By: J.A.J Aaronson - Updated: 7 Nov 2010 | comments*Discuss
 
Inheritance Abroad Executing A Will

The process of executing a will and carrying out the assorted tasks associated with settling the affairs of a deceased individual can be long and arduous. It can often appear that there is no end to the form-filling required for those charged with sorting out an estate. However, the process of settling the inheritance of an individual who had been living abroad can often represent an even more difficult task.

This case study concerns a Cheryl*, whose cousin died in Kenya. Cheryl who lives in the UK, was the only remaining member of the Kenyan resident’s family, and therefore took on responsibility for settling her affairs.

Nature of the Assets

“I already knew roughly what my cousin’s estate would consist of,” Cheryl said. “She had a small amount of cash in a bank account in Kenya. But the bulk of her money was in shares in a Canadian company.”

Cheryl's first step was to secure a copy of her cousin’s death certificate. In order to receive a copy of this she first had to prove that she was the next of kin. She contacted the British consulate in Kenya who provided assistance as Cheryl's cousin was of British parentage. The consulate arranged for a copy Cheryl's passport to be passed to the relevant parties in Kenya.

“I would definitely recommend that anyone dealing with death or inheritance abroad get in touch with the consulate or Embassy,” said Cheryl. “They offered invaluable help. I’m not sure we would have had it sorted even now were it not for them.”

Letters of Administration

Cheryl then needed letters of administration from the Kenyan government. This document passes responsibility for the administration of the estate to the relative requesting it. This required a court appearance, which the consulate helped to arrange. The purpose of this hearing was for the court to be satisfied that Cheryl was the next of kin, and therefore authorised to deal with the estate.
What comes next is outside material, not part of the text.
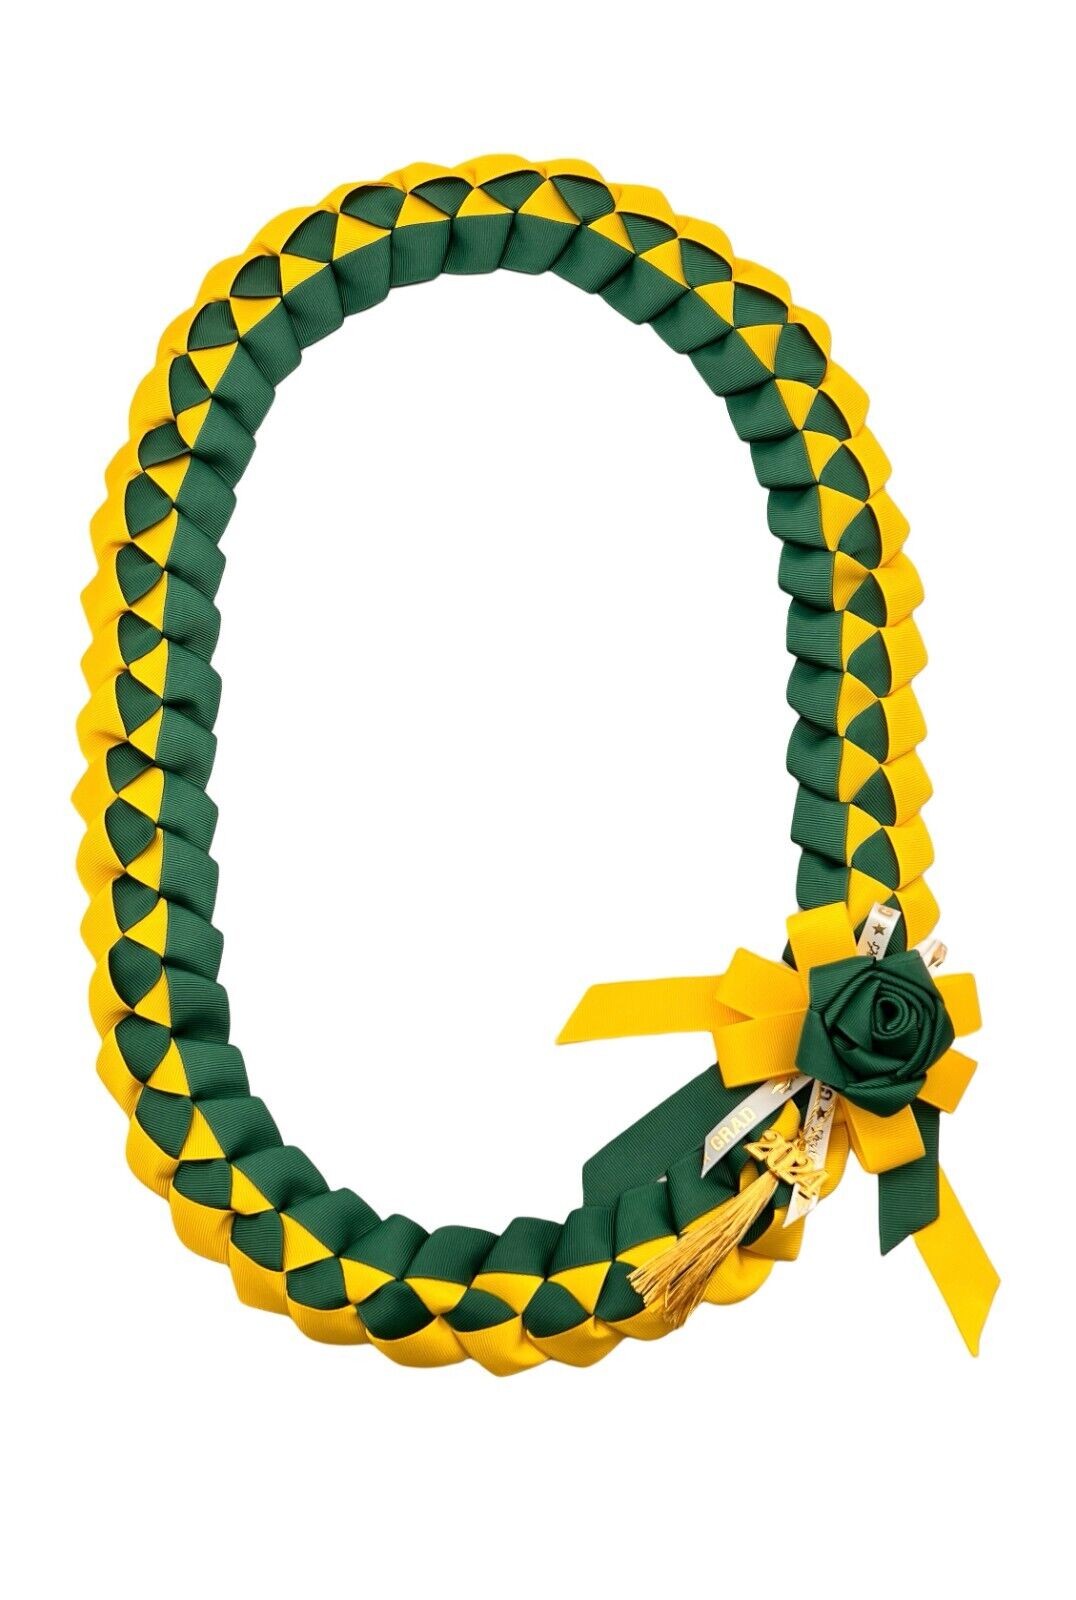 Grosgrain Ribbon Graduation Leis-Yellow & Green School Colors

“This was the longest part of the process,” she said. “All in all it took about a year to get letters of administration after my cousin’s death. The legal process was very slow, despite all the help I received.”

The letters of administration allowed Cheryl to contact her cousin’s bank and arrange for the money in the account to be used to pay off funeral expenses. She can now contact the company in whom her cousin had shares, with a view to cashing them in. Depending on the value of the shares she will then need to consider any potential tax implication that may arise.

Cheryl is yet to receive the cashed shares, although the process will soon be complete. It is now almost two years since her cousin died; this should give some indication of the complexities of settling an inheritance abroad. If you have to deal with an estate and inheritance for an individual that was living abroad, you should always consider the British embassy or consulate to be your first port of call. They will be able to advise on the correct next steps to streamline the process as much as possible.